부동소수점에 대한 이해를 마친 사람들을 위한 포스트다.

부동소수점의 설명 아래의 링크로 대체한다. 한글 버전도 있다.

https://en.wikipedia.org/wiki/Floating-point_arithmetic

Floating-point arithmetic - Wikipedia

From Wikipedia, the free encyclopedia Computer approximation for real numbers An early electromechanical programmable computer, the Z3, included floating-point arithmetic (replica on display at Deutsches Museum in Munich). In computing, floating-point arit

en.wikipedia.org

베릴로그는 기본적으로 fixed point로 값을 표현한다.

따라서 float multiplication을 위해서는 float의 형식에 맞게 연산을 해줘야한다.
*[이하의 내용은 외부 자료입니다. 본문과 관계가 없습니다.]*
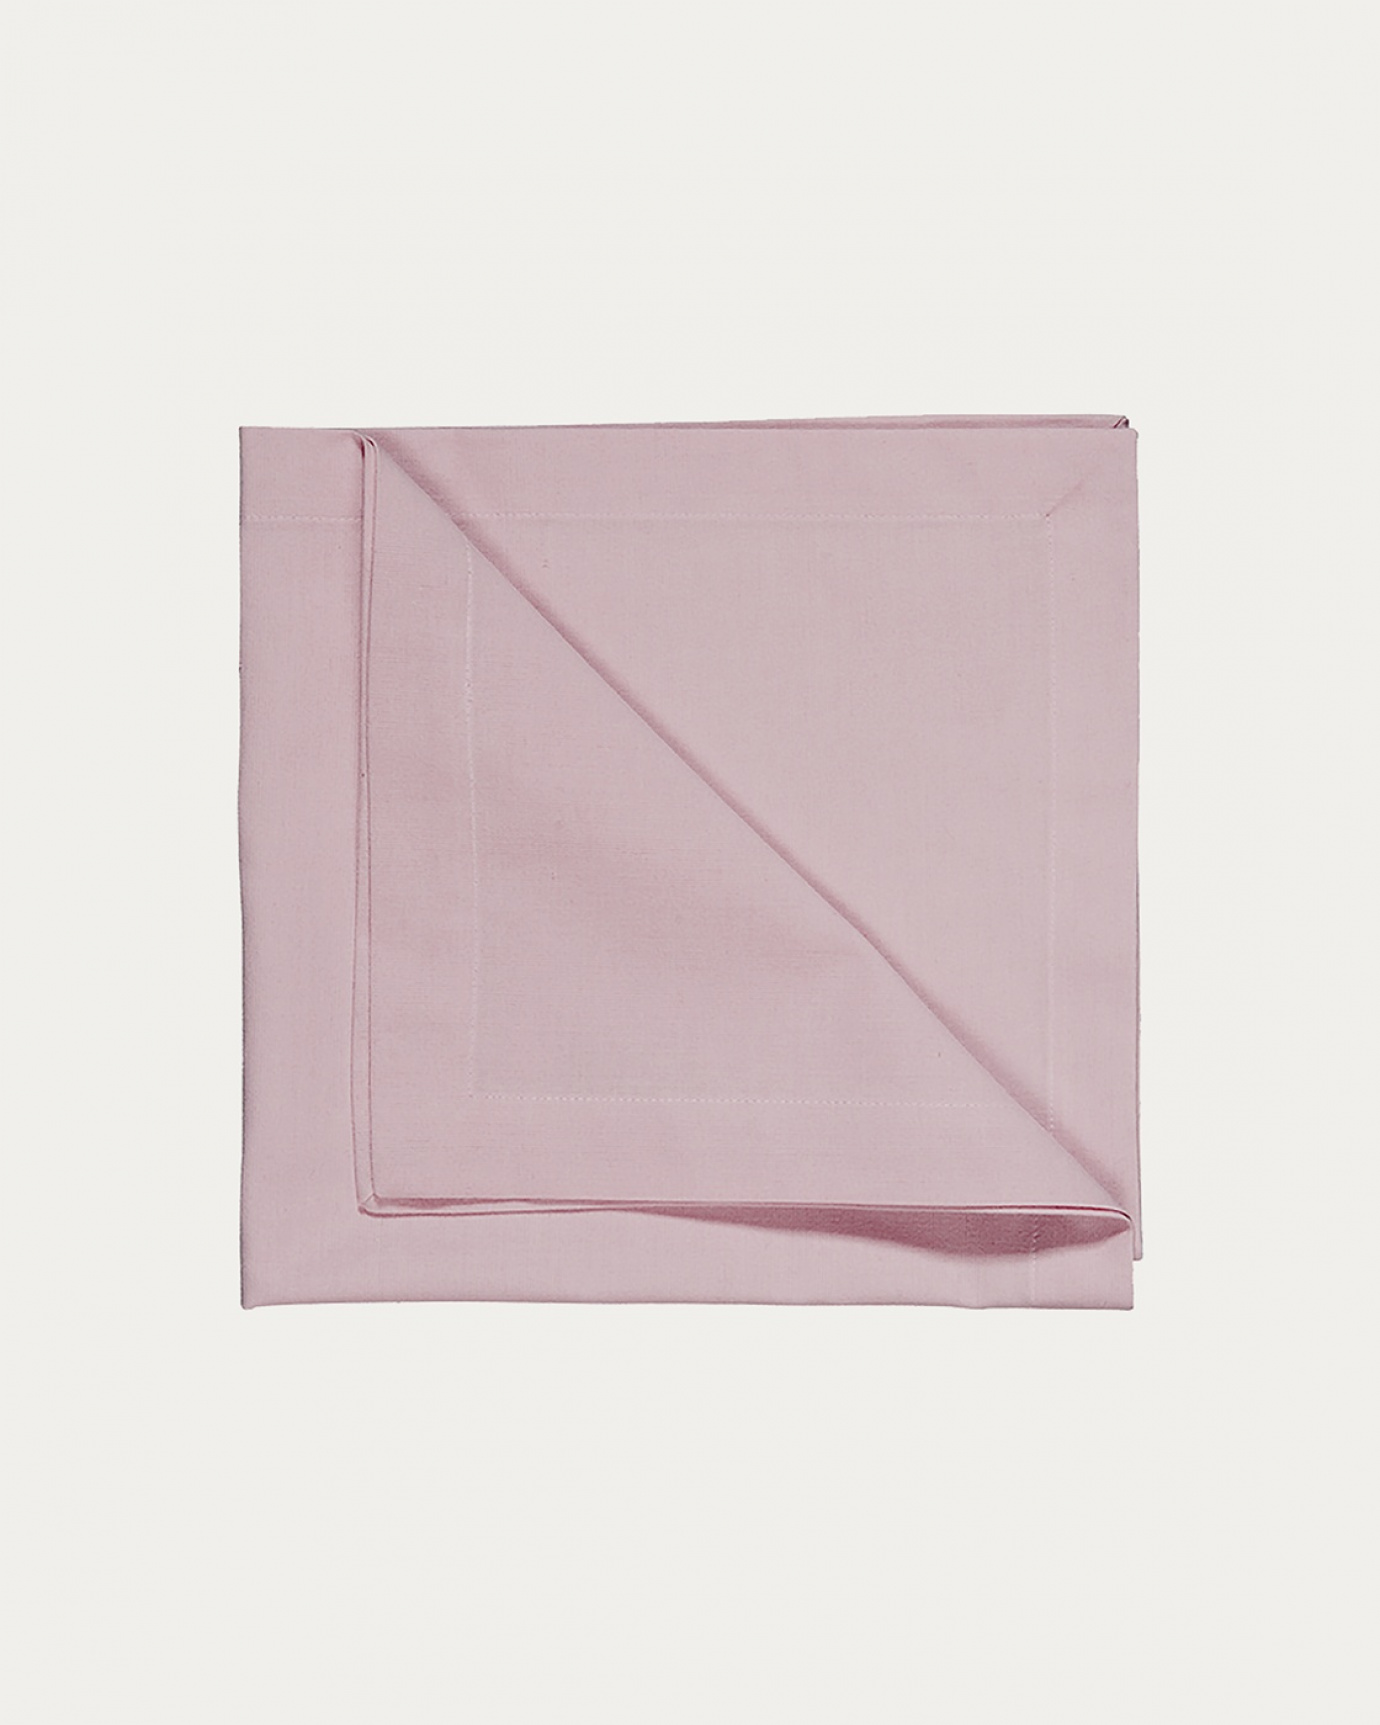 Product image light pink ROBERT napkin made of soft cotton from LINUM DESIGN. Size 45x45 cm and sold in 4-pack.

Single precision의 특수 케이스는 exponent에 있기 때문에, Out of Bound 케이스의 경우 exponent를 특수한 값(255, 0)으로 바꾸고 Mantissa의 경우 0으로 바꾸면 된다. 어차피 무한대 혹은 0이니까 합당하다.

실제로 C에서도 float의 무한대 값의 16진수 표현은 0x7F800000이다.

베릴로그 코드를 살펴보자.

module float_mul
#(parameter bias = 8'h7f)
(
    output [31:0] out_float,
    input [31:0] inA_float, inB_float
);                                          // single precision multiplier

/*-----Variables' name Description-----
sign: 0 : +, 1 : -
expA/B/Out: exponent, bias with 127
expSum: underflow == [9], overflow == ([9:8] == 2'b01)
mantA/B: mantissa 1.xxxx
mantOut: mantissa (1).xxxx
mantAxB: 48bit (24x24 result) raw multiply result
inf: infinity, exp = 255 (8'hff)
zero: zero, exp = 0 (8'h00)
b47: mantAxB[47]
Under/OverFlag: Underflow/Overflow Flag
*/

parameter Zero = 8'b0;
parameter Inf = 8'hff;

wire signA, signB, signOut;
wire [7:0] expA, expB, expOut;
wire [9:0] expSum;
wire [23:0] mantA, mantB;
wire [22:0] mantOut, mantOut_bef_special;
wire infA, infB, zeroA, zeroB, b47;
wire [48-1:0] mantAxB;
wire UnderFlag, OverFlag;

assign signA = inA_float[31];
assign expA  = inA_float[30 -: 8];
assign mantA = {1'b1, inA_float[0 +: 23]};  // real mant Value

assign signB = inB_float[31];
assign expB  = inB_float[30 -: 8];
assign mantB = {1'b1, inB_float[0 +: 23]};

float_check CheckA(infA, zeroA, expA);
float_check CheckB(infB, zeroB, expB);

assign mantAxB = mantA * mantB;
assign b47 = mantAxB[47];

assign signOut = signA ^ signB;
assign expSum  = (zeroA | zeroB) ? Zero : ((infA | infB)? Inf : (expA + expB - bias + b47));
assign UnderFlag = expSum[9] || &(~expSum[7:0]);
assign OverFlag  = (expSum[9:8] == 2'b01) || (&expSum[7:0]);
assign expOut  = UnderFlag ? Zero : ((OverFlag) ? Inf : expSum[7:0]);

assign mantOut_bef_special = b47 ? (mantAxB[46 -: 23] + mantAxB[22]) : (mantAxB[45 -: 23] + mantAxB[21]);
assign mantOut = (UnderFlag || OverFlag) ? 0 : mantOut_bef_special;

assign out_float = {signOut, expOut, mantOut};

endmodule

우선 주석에 변수에 대한 설명을 적어뒀다.

sign: 0이 양수, 1이 음수
expA/B/Out: 지수부, 127 바이어스가 더해짐.
expSum: underflow == [9], overflow == ([9:8] == 2'b01)
mantA/B: 가수부 1.xxxx
mantOut: 가수부 (1).xxxx
mantAxB: 48bit (24x24 result) 가수부 곱셈 결과
inf: 무한대, exp = 255 (8'hff)
zero: 0, exp = 0 (8'h00)
b47: mantAxB[47]
Under/OverFlag: Underflow/Overflow 플래그

각 32비트 float 값을 3개로 나누었고, 각자 연산을 수행한다.

float_check는 이미 무한대거나 0인 경우를 감지하기 위해 사용된다.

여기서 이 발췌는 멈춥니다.